Quote:
Originally Posted by Blue37
Do you do it on incomplete 4th down passes and 4th down plays where the line to gain was not achieved?
|
In the USAn codes, that reverses A's & B's restraining lines, and at least theoretically the down box and back stick of the chain should go on B's line, which should result in moving them the length of the ball in the case of the incomplete pass. In Canadian codes there's only one "line of scrimmage" so it would not move in case of the incomplete pass; rather, the spotting of the ball would be reversed to keep its foremost point the same.

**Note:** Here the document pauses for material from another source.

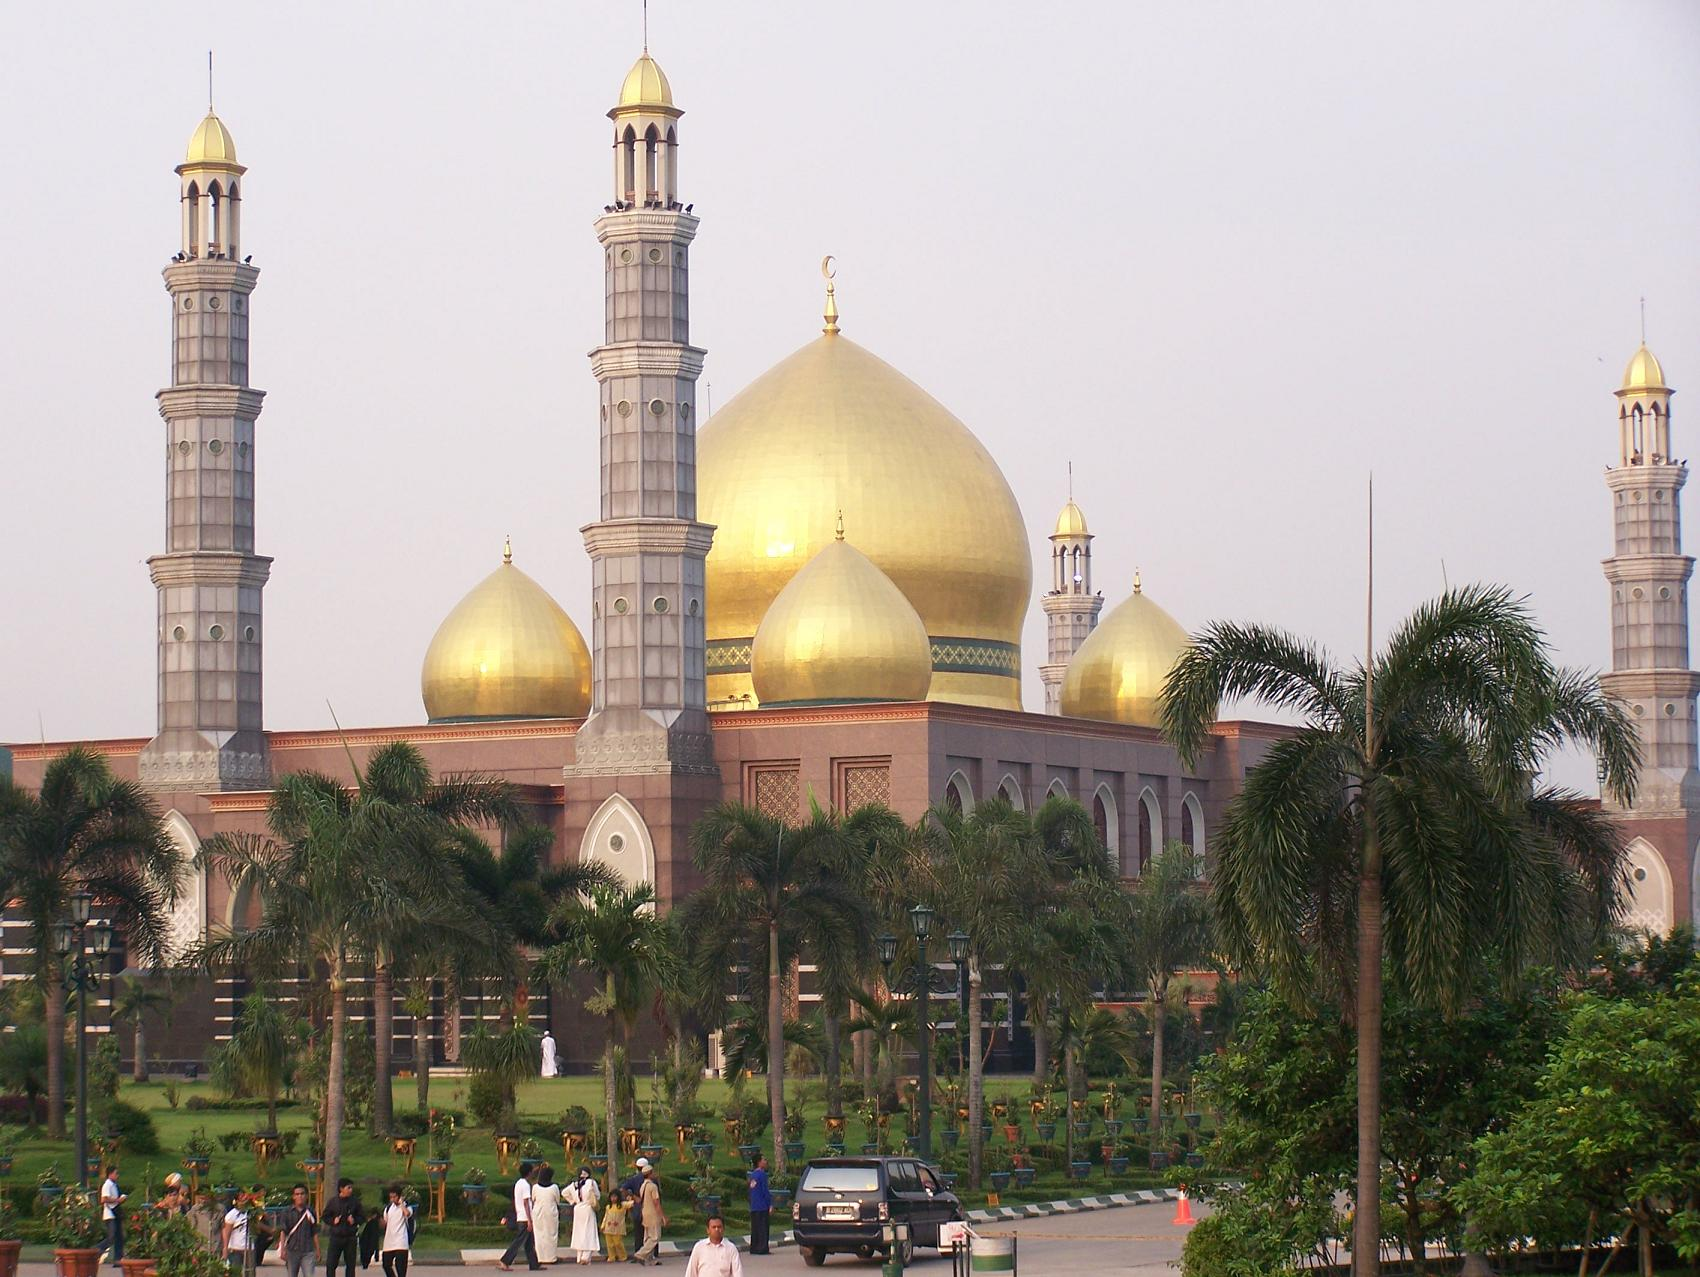 http://rizaldp.files.wordpress.com/2009/07/masjid-dian-al-mahri.jpg

In 1980 I put the following situation to Brice Durbin at the Fed office in Kansas City. (I kept calling him "Bruce", thinking I was mishearing his name. He was the first Brice I ever heard of.):
3rd down, A's runner carries the ball with its long axis perpendicular to the sidelines to a spot such that it barely gets entirely into the field of play. The ball is spotted according to its foremost point, then made RFP by rotating it with its long axis parallel to the sidelines, leaving the rearmost point of the ball in A's end zone. 4th down, A's legal forward pass is incomplete. Do you now award a TD to B, because the ball's spotted as per the previous down, part of it in A's end zone?
He answered that that's why they tell their officials to always ready the ball in such a way as to be entirely in the field of play. Presumably following the 3rd down run above, the back end of the ball would be used as the rotation point instead of its front.
Situation doesn't arise in Canadian football, where the ball is always readied with its entirety outside either team's 1 yard line, and where there's only one "line of scrimmage" anyway. (Maybe that's why their rules refer to "point" instead of "spot" -- the ball is literally on a geometric point rather than occupying space.) B's restraining line is 1 yard their side of the LOS.